Once you’re finished reading, in the comment section, tell me how you deal with toxic relatives. And if you have been at this recovery game for awhile now, what advice would you give to someone new to recovery on how to deal with or let go of toxic relatives?
Leave your thoughts in the comment section.
Remember, your voice, experiences and insights are vital to this community. And what you have to share is not only unique but it may be exactly what someone else needs to read. And that someone could be you.
As always, thank you for being you!
Until next Tuesday,
#1 Take Approval And Participation Out Of Your Recovery Equation
Soon after I began my recovery and officially cut my toxic stepmom out of my life my grandmother passed away. After the reality of her death set in, I realized that going to her funeral would mean running into my stepmom.
Given that my grandmother was one of the few people in my family that supported me unconditionally, there was no way I was going to miss her funeral.
So I packed my suitcase and boarded a train from New York to Philadelphia and braced myself for all that could erupt over the next few days.
To my surprise, despite several uncomfortable yet completely manageable moments, I survived being in close proximity to my stepmom. But just as I was about to get in a car and head back to the train station, an aunt of mine pulled me aside and basically forced me to get my picture taken with my stepmom.

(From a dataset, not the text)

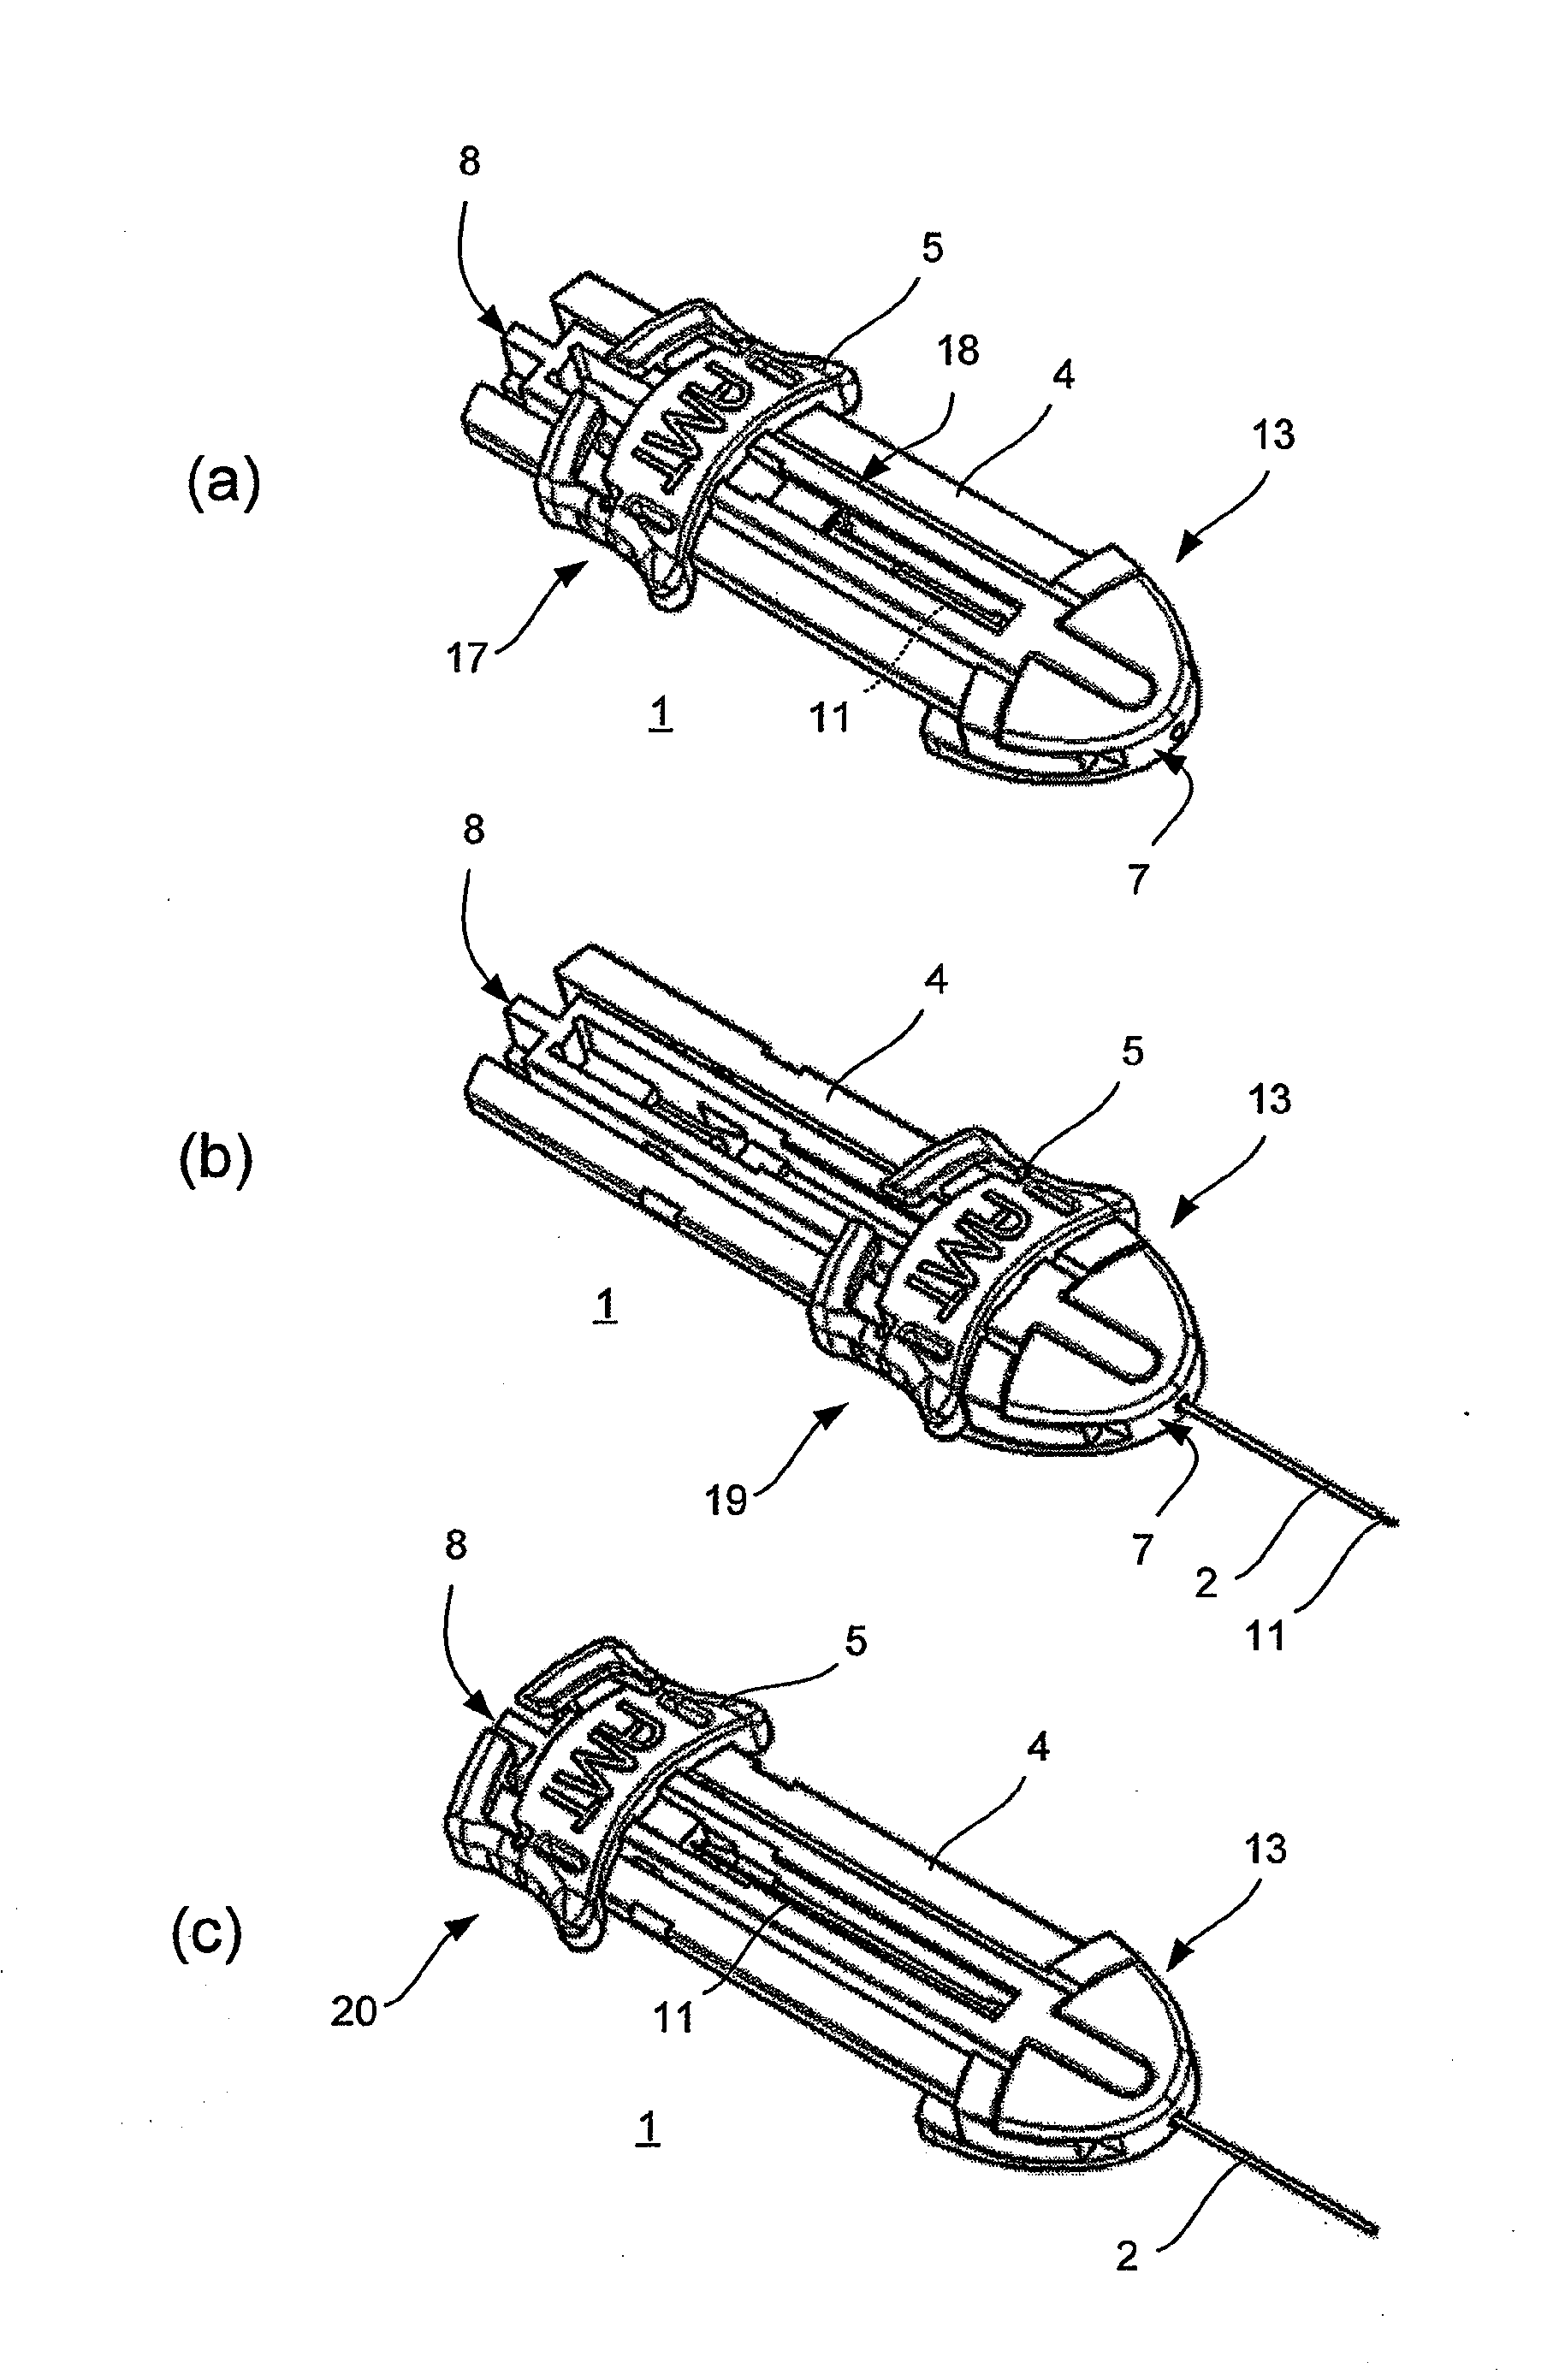 Cannula insertion device

Now I didn’t get in that picture without a fight, of course. I told my aunt no several times and instead of respecting my choice, she stomped her feet like a five year old child and started crying.
At that point I didn’t know what to do. My aunt was completely aware of the choice I’d made to remove my stepmom from my life but clearly she wasn’t either ready, willing or able to accept my choice.
So I did something that I regret to this day and I gave in and stood next to my stepmom to have our photo taken. And afterwards, I felt horrible for it.
I felt horrible because I allowed my aunt’s reaction to diminish a deliberate choice I’d made for my health and well-being and as a result, I put my need for her approval above my recovery.
In that moment, I wish I would’ve known and believed what I’m telling you now. And that’s that you do not need any family member’s approval or participation in your recovery in order for your recovery choices to be valid.
Now, don’t get me wrong. I would’ve loved if instead of forcing me to get my picture taken with my stepmom, my aunt, even if she didn’t understand my choice, respected it. But regardless, whether she accepted my choice or not, I now know that I don’t need anyone else to approve of or participate in my recovery in order for it to be okay. And that applies to family, too.
#2 Respect Your Boundaries First
There’s already loads of information being passed around on the Internet on the topic of boundaries. And although I agree that understanding the importance of creating and maintaining boundaries is important, I don’t want to just add another layer of more of the same advice to the pile.
But I do want to say that as important as it is for other people to respect your boundaries it’s just as important, perhaps even more so, for you to respect the boundaries that you create FIRST.
I think what happens with most people, when they initially set boundaries, is they wait for other people to accept them before they do. I know that this has been the case in my life.
For example, if we go back to the situation I shared earlier about my aunt forcing me to get my picture taken with my stepmom, I can see now that I had a boundary in place but because I didn’t feel confident about it, I allowed my aunt to basically bulldoze right through it.
Now, that’s something that I allowed to happen because, at that time, I wasn’t completely sure that the boundary I created with my stepmom was okay. I wanted someone else to show me or tell me that what I was doing was acceptable before I could completely endorse it.
But that’s the thing with boundaries, you have to respect them FIRST before you can expect anyone else to.
The boundaries that you create can go a long way in dealing with toxic relatives but you have to believe in them first and always, even if no one else ever does.